Considering semantic information would do better, Lorenz said, adding human testing could go some way to solving this problem. But there are also many factors to consider, such as the size of the face and the proportion of the body torso, otherwise there will be printed on the clothes of pedestrians or backpacks on the idol face was mistakenly caught.

Adding semantic information, such as attitude estimation or moving coordinates, does make it possible to determine whether it is an advertisement or a human, Zhou said. “But this will increase the complexity of the model,” he said. “If we don’t switch to better hardware, the speed of the algorithm may decrease to some extent, which is not necessary in this scenario.” Because for such large-scale applications, the number of model parameters, computational power and accuracy are highly required, it is difficult to deploy complex models into practical applications.
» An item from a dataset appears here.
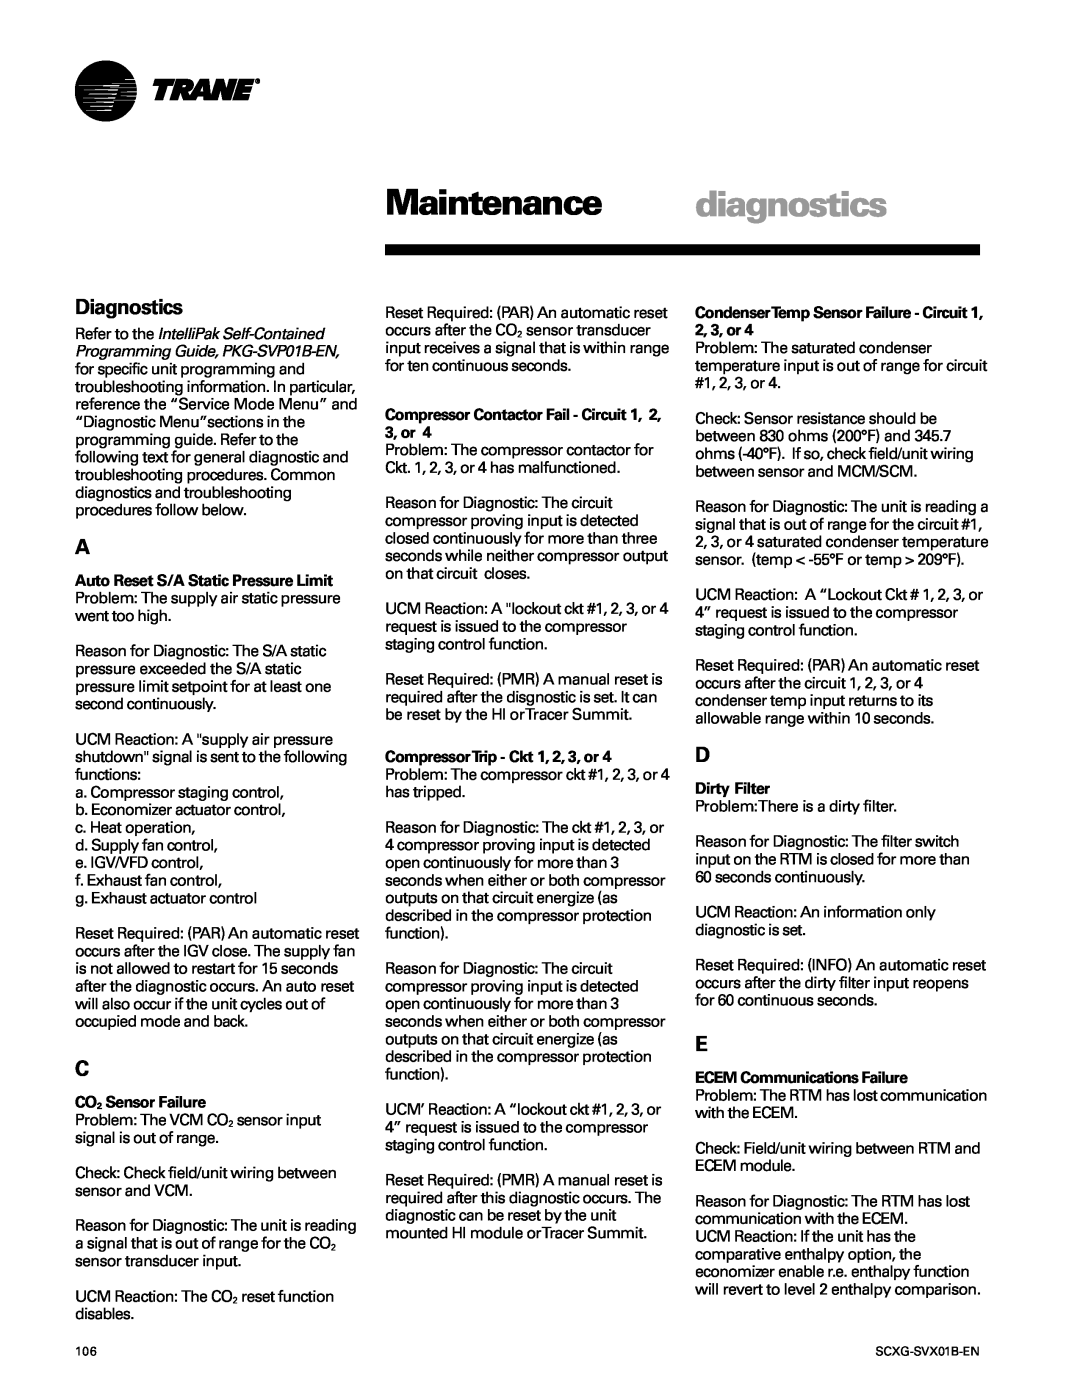 Trane SCXG-SVX01B-EN Maintenance diagnostics, Diagnostics, CO2 Sensor Failure, Dirty Filter, ECEM Communications Failure

According to Robert Lorenz, the current solutions are as follows:

  • Join the size of the image detection, face size on the print advertising generally bigger than pedestrians face, of pixel area will be bigger, only need to set the pedestrian crossing from far to near may shoot the size of the face, can largely avoid such cases, but clothing, such as face image is has certain risk is identified; This is about eliminating these kinds of problems from an engineering perspective, not an algorithmic perspective;

  • For image quality judgment, there are obvious differences between real people and printed pictures, such as skin color and texture, etc., which can be distinguished by computer through model training.

  • By adding depth information, such as binocular camera and RGB-D camera, 3D information can be obtained and 2D images such as printing objects can be shielded. However, this scheme is too expensive and not suitable for running red lights.

  • Human skeleton key point detection is used to describe human posture and predict human behavior. Based on the analysis of human skeleton key points and key objects, restore human posture and understand human actions. Peng technology have the behavior of the testing technology can also detect abnormal behavior (using high-precision human key points, you can check out the video or pictures of the human body in the abnormal action), such as for running a red light of the situation, you can for pedestrian accidentally fell down, slow, wheelchair-bound disabled for testing, combined with the traffic light control, You can really facilitate people’s lives.

“Misphotographing is a small matter, remember to travel in a civilized way, safety is the most important.” Dong mingzhu herself responded to the incident on Sina Weibo at 10:15 am today.

In the opinion of xiaobian, it is necessary to make efforts to avoid the recurrence of “being crossed the red light”, not only the technical solution provider, but also ourselves. Standardize their own behavior, civilized crossing the road is the fundamental way to solve the problem. Come, repeat, “red light stop, green light go, yellow light wait.”